32. To be held liable for estafa in relation to the Trust Receipt Law, the accused
must have the obligation to turn over the proceeds of sale of the entrusted goods, or
return the unsold goods to the entruster, but he has violated this undertaking. Thus,
the offender must have acquired the goods for resale, and not for consumption. In this
case, the accused is not an importer or retail dealer, but one who received the goods to
be used for the fabrication of steel communication towers. Hence, the transaction
between the accused and the bank is simple loan, and not trust receipt. Failure to
perform obligation under this loan agreement is neither estafa through
misappropriation nor a violation of the trust receipt law. To rule otherwise is to violate
the constitutional provision on non-imprisonment by reason of non-payment of debt
(Ng vs. People, G.R. No. 173905, April 23, 2010; Colinares and Veloso vs. CA, G.R. No.

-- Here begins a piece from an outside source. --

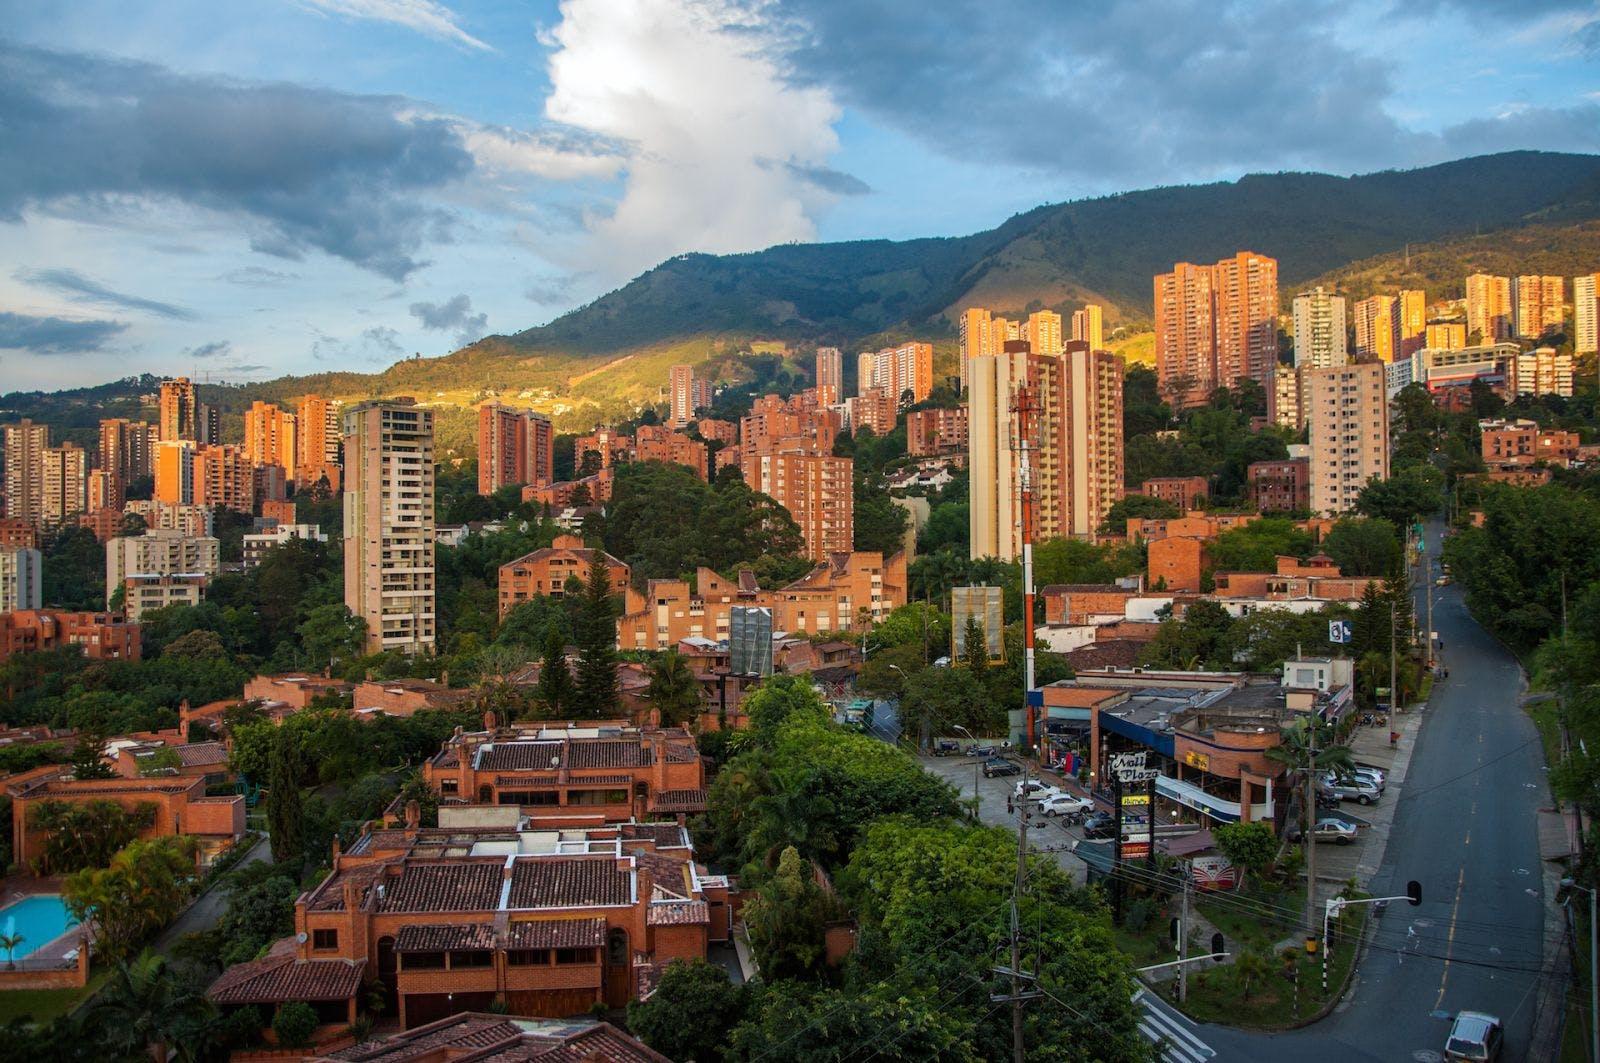 Picture of Medellin

90828, September 5, 2000; Yang vs. People, G.R. No. 195117, August 14, 2013).
33. The obligation of the entrustee under the trust receipt agreement is to turn
over to proceeds of sale of the entrusted goods, or return the unsold goods to the
entruster. Violation of this undertaking constitutes estafa in relation to the trust
receipt law. Thus, turning over the proceeds of sale (Bank of Commerce vs. Serrano,
G.R. No. 151895, February 16, 2005) or turning over the unsold goods is a defense in
violation of trust receipt law. On the other hand, the obligation of the entrustee-debtor
under the letter of credit is to pay the bank the amount owing to it. Returning the
unsold goods covered by trust receipt to the bank is not a compliance with the
obligation under the letter of credit. Hence, the turning over of the unsold goods to the
bank is a defense in a criminal case for estafa in relation to the trust receipt law but
not in a civil case for recovery of the amount covered by letter of credit. The bank did
not become the real owner of the unsold goods, which were turned over by the debtor.
The bank merely acquired security title over them for obligation under the letter of
credit. The debtor remains the owner of the unsold goods and holds it at his own risk
(Vintola vs. Insular Bank of Asia and America, G.R. No. L-78671, March 25, 1988).